Через некоторое время герцогиня снова приняла прежнюю позу. Фабрицио вздохнул и начал писать. Никколо продолжал играть, несмотря на маленькую птичку. Скрипач пытался отогнать ее кончиком смычка, но она снова и снова присаживалась на край скрипки. Никколо прекратил играть и рассмеялся:
— Маленькая птичка считает, что я ее превзошел.
— Прекрасный голос у этой скрипки.
— Да, — согласилась герцогиня, не глядя на мастера. — Я попрошу мужа купить ее у вас.
— Расскажи про нее. Отчего она поет так нежно?
Фабрицио прекратил писать и ждал, держа кисть перед собой.
— Должно быть, твой эликсир, подмешанный в лак. Афродизиак, что ты купил у актера на площади.

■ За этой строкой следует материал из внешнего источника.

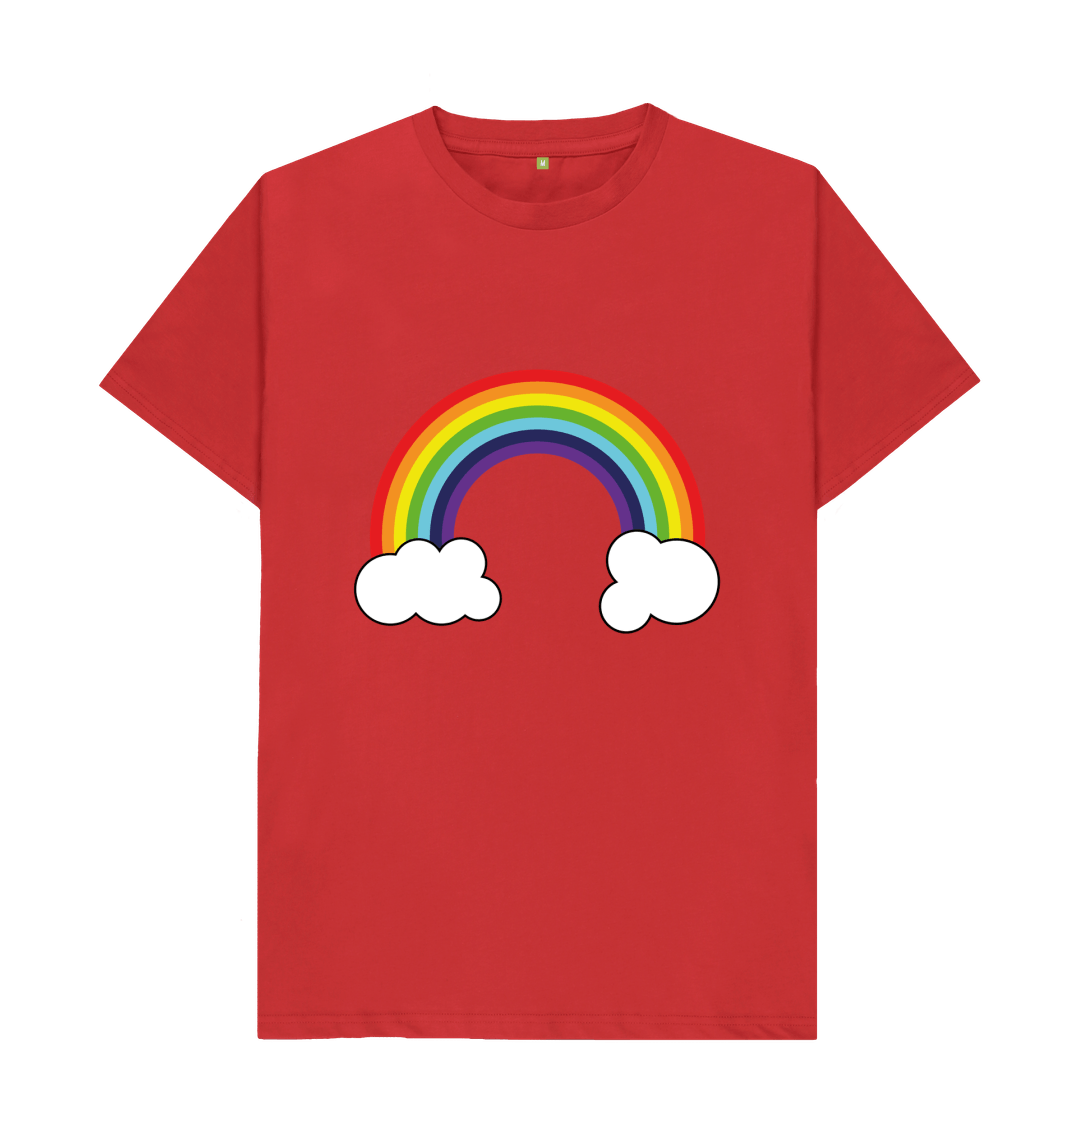 Red Organic Cotton Rainbow Graphic Only Mental Health Men's T-Shirt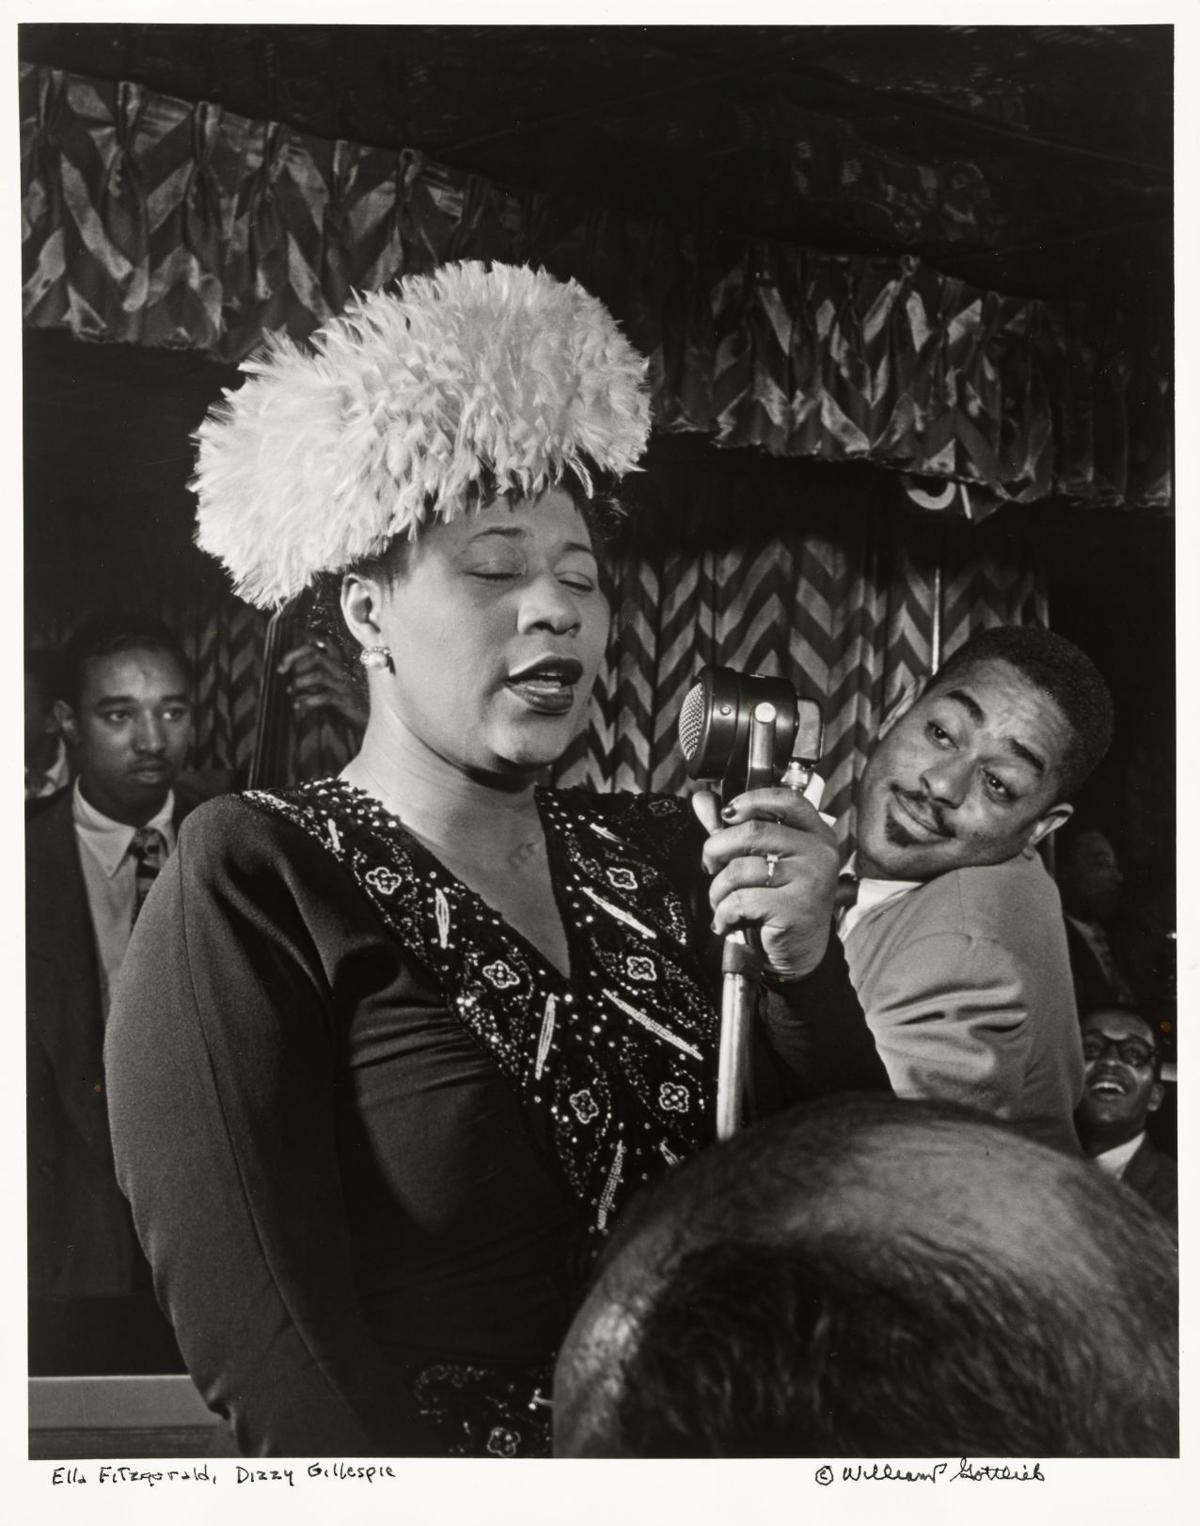 Ella Fitzgerald sings in Washington, about 1947, as Dilly Gillespie and bassist Ray Brown watch.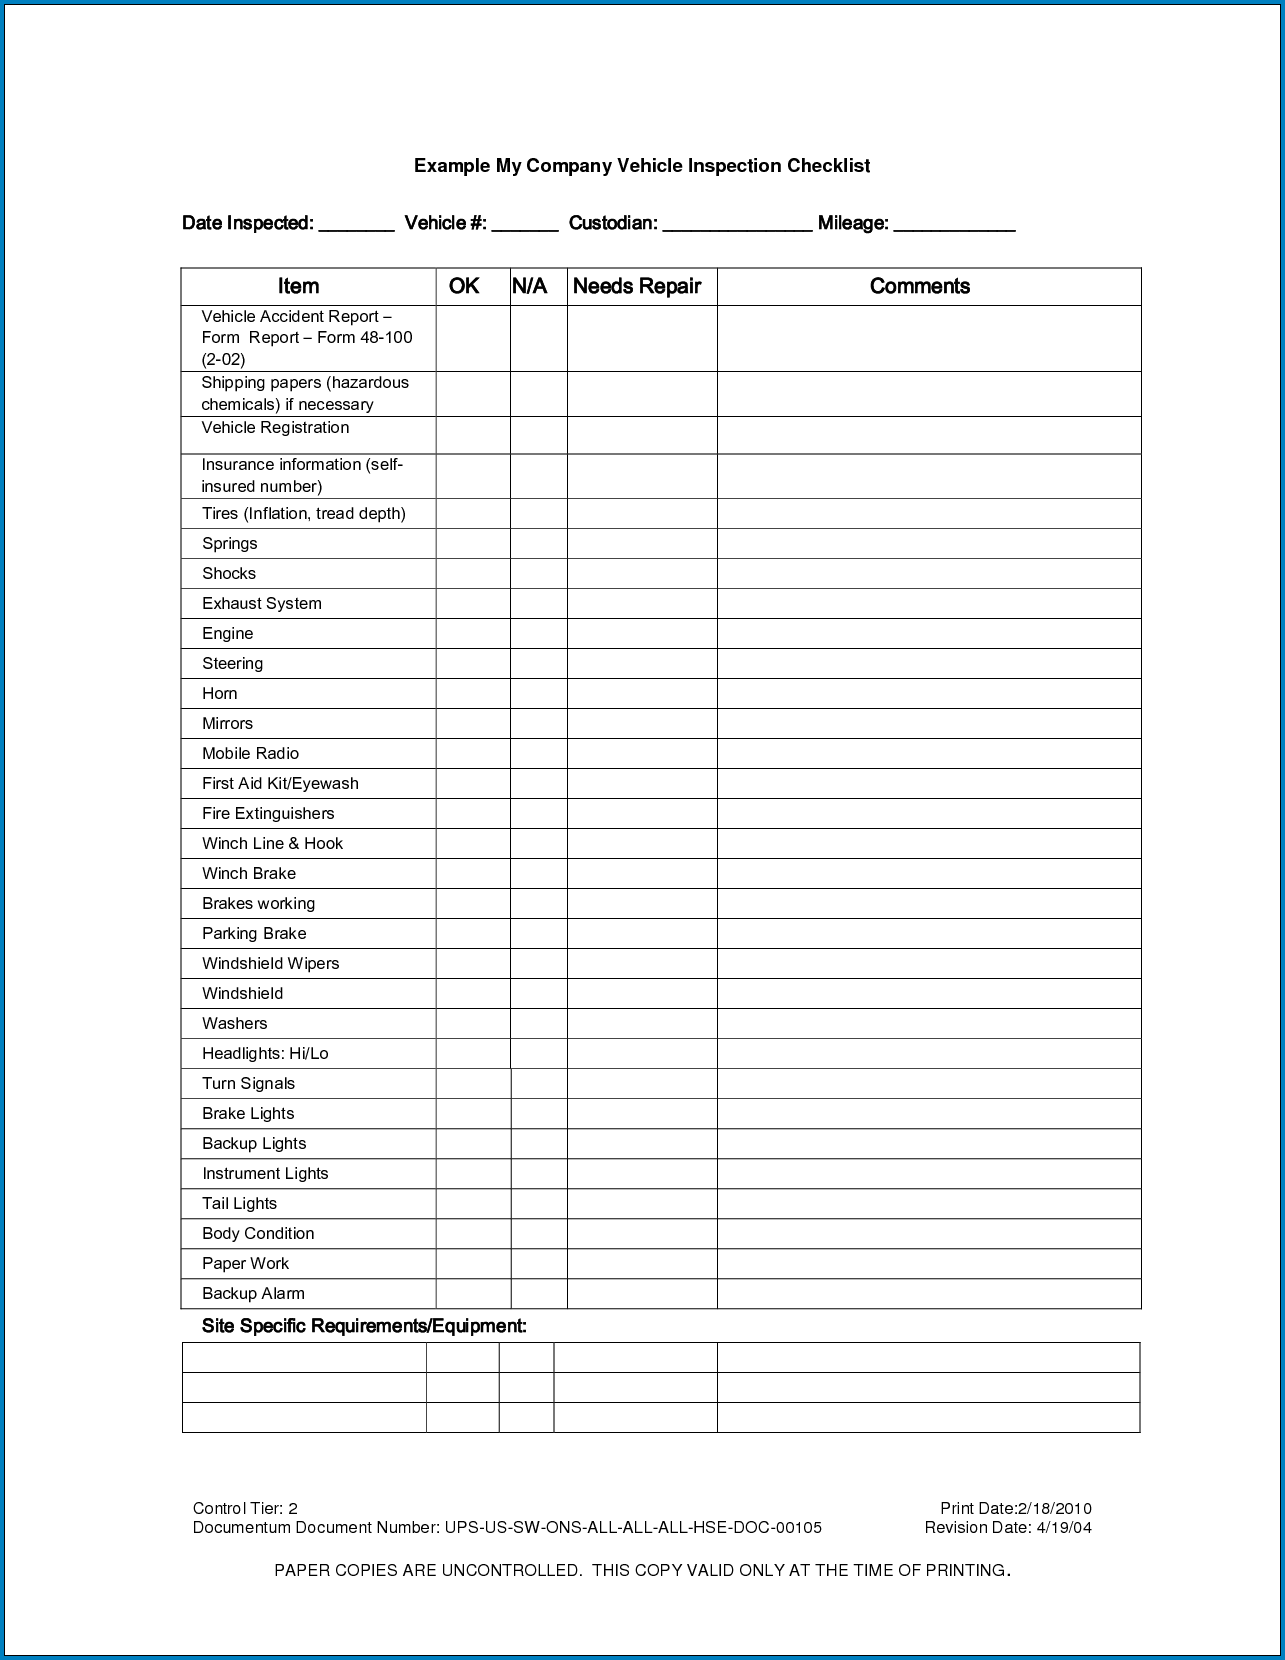 Sample of Company Vehicle Inspection Checklist Template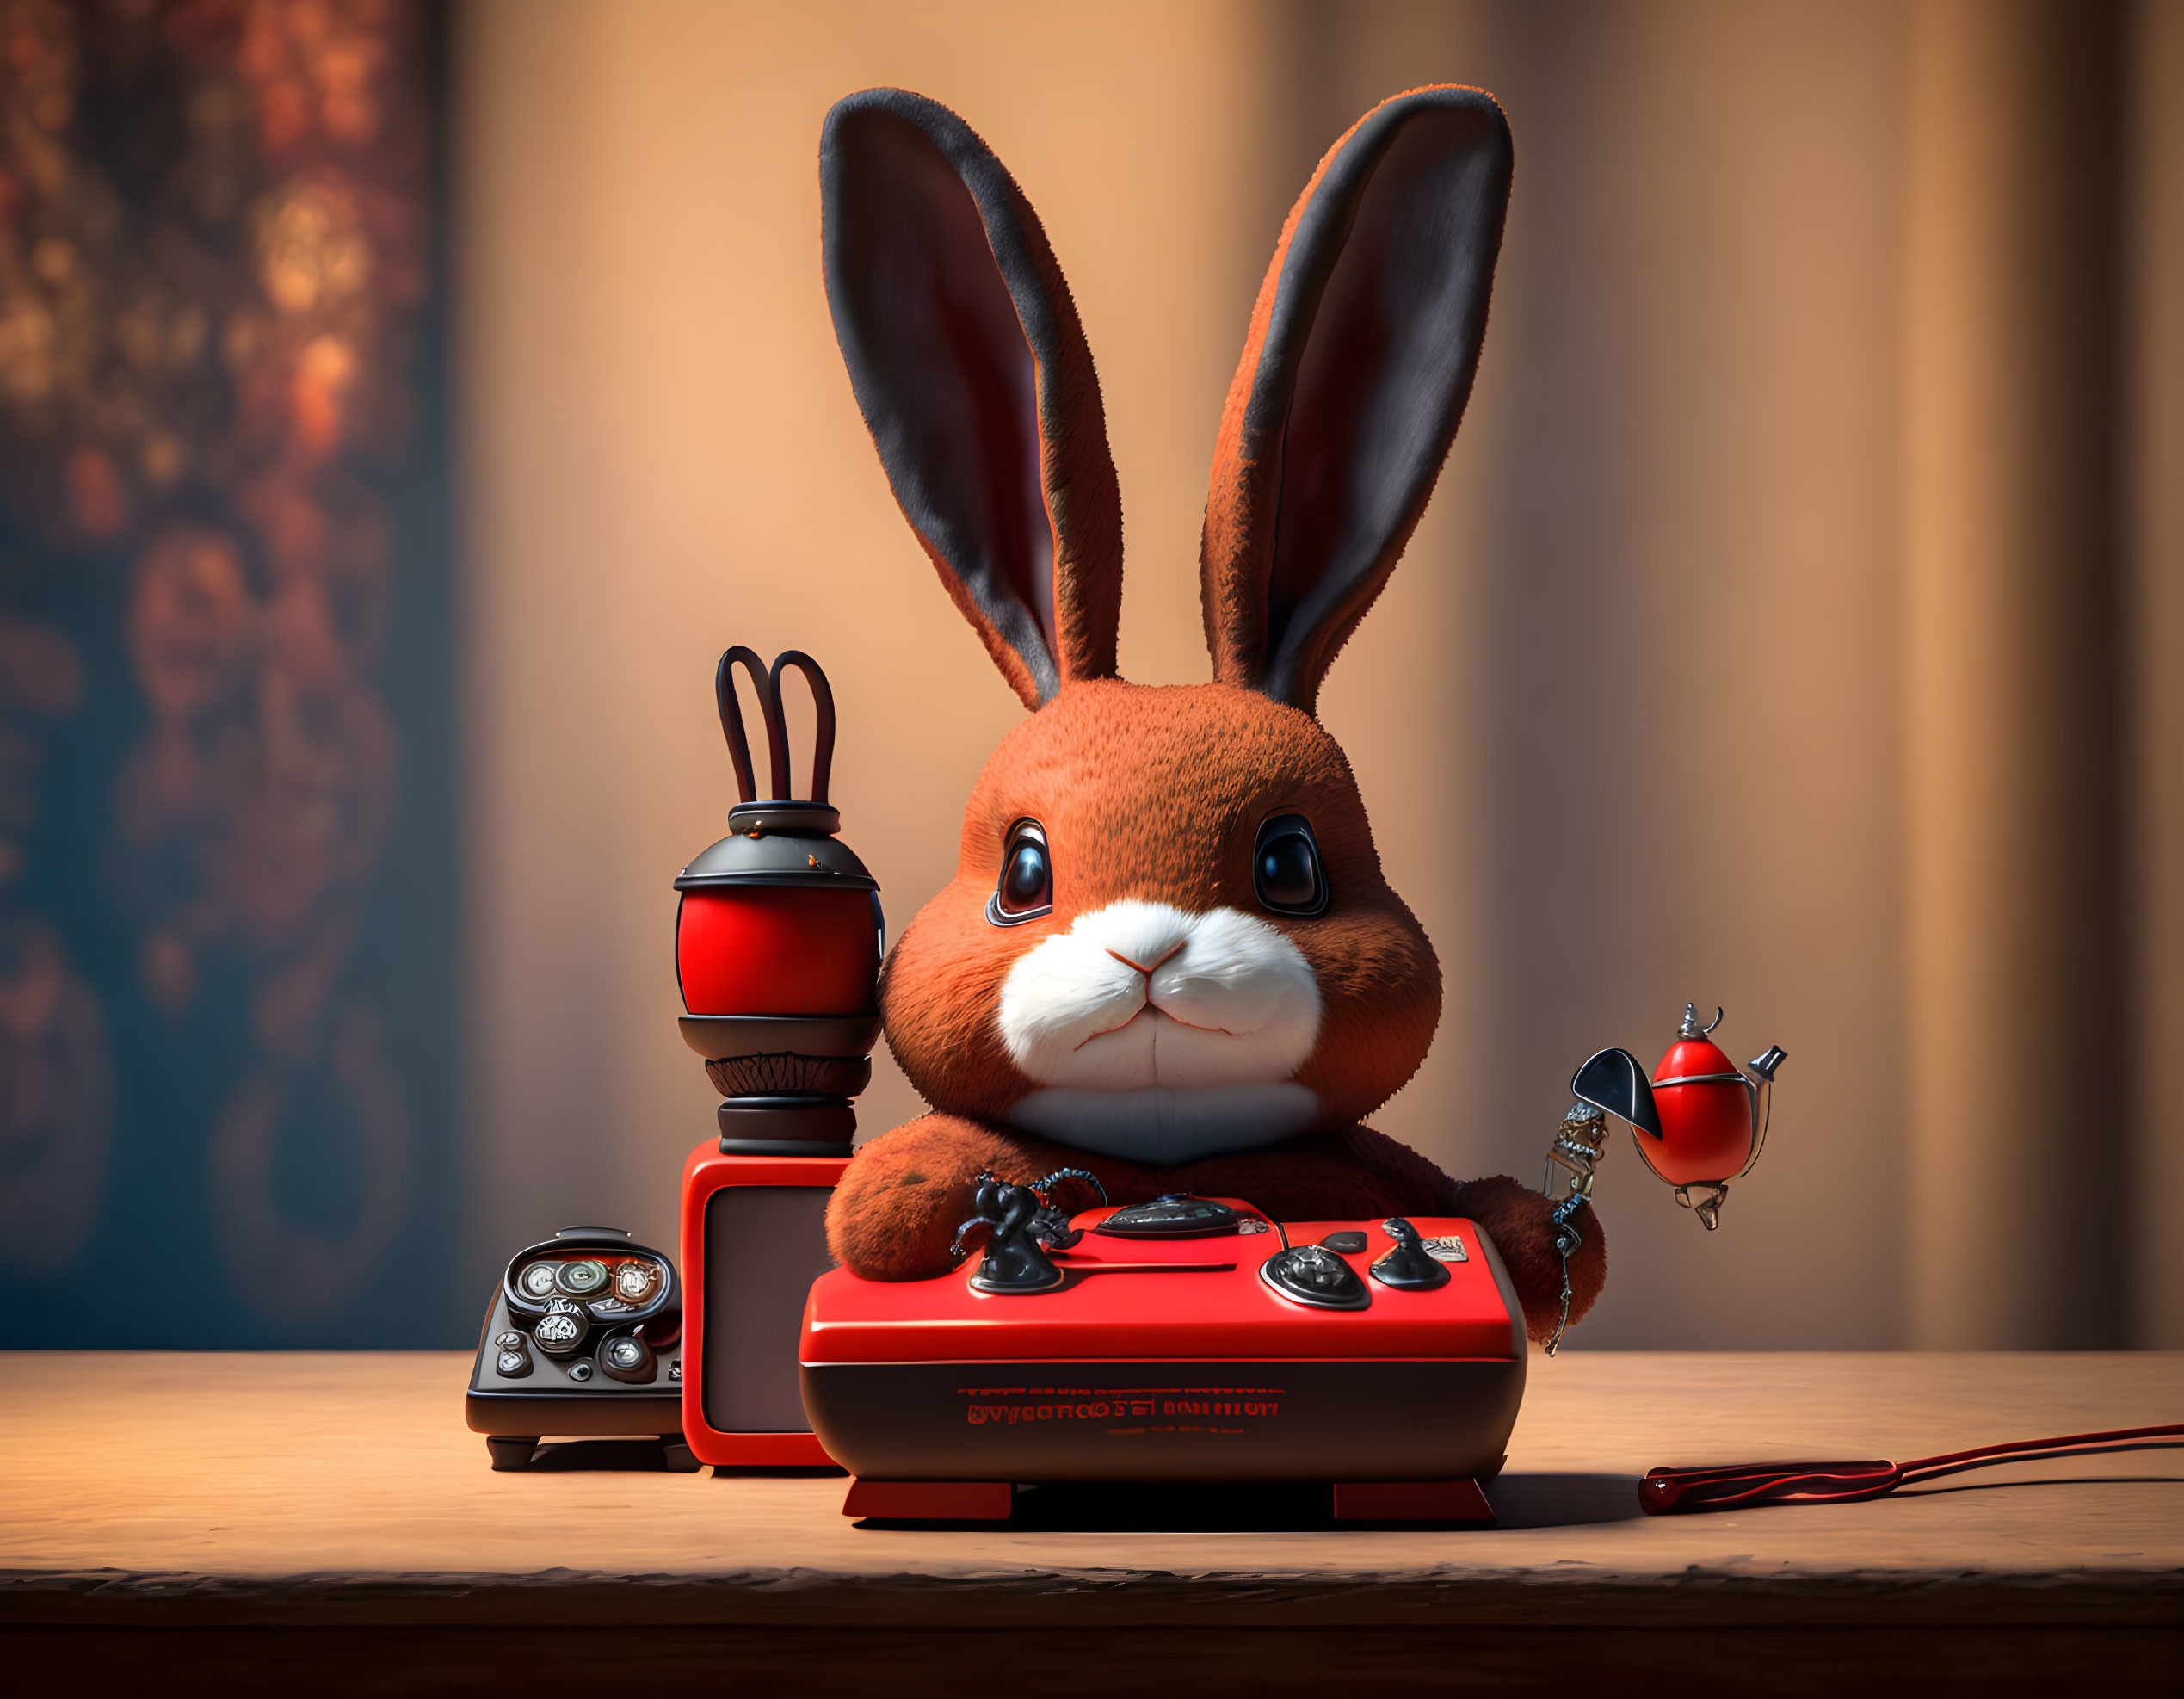 beasterbunny with the red telephone

— Думаю, нет. Сомневаюсь, что эликсир обладает такой силой. Но скрипка действительно волшебная. Почему?
Никколо секунду подумал.
— Да, у нее особый звук, не такой, как у всех, что я когда-либо делал. Думаю, тому есть несколько причин. Некоторые я могу объяснить, о других не имею представления. Помню, как нашел в Доломитах ель, из которой она сделана. Больше десяти лет назад.
Герцогиня повернулась на скамеечке, чтобы послушать рассказ.
— Древнее дерево на краю обрыва. Я услышал, как ветер поет в ветвях ели, прежде чем увидел ее. Она была скручена и согнута, как старик. В другое время я бы и не подумал рубить такое дерево. То был… странный момент… декабрьское новолуние, я всегда рублю деревья в это время. И в тот день, должно быть, случилось солнечное затмение, воздух сделался неподвижен, свет начал меркнуть. Когда стемнело, соловей, перепутавший время дня, сел на дерево и начал петь. Пение в морозном воздухе звучало удивительно, ясно и резко. Затем вышло солнце, птица улетела, и я срубил дерево.
Древесина оказалась такой жесткой и непригодной для обработки, что большую часть я не смог использовать. Но один брус мне получить удалось, его я, как обычно, выдерживал десять лет и наконец-то недавно использовал, создав эту скрипку.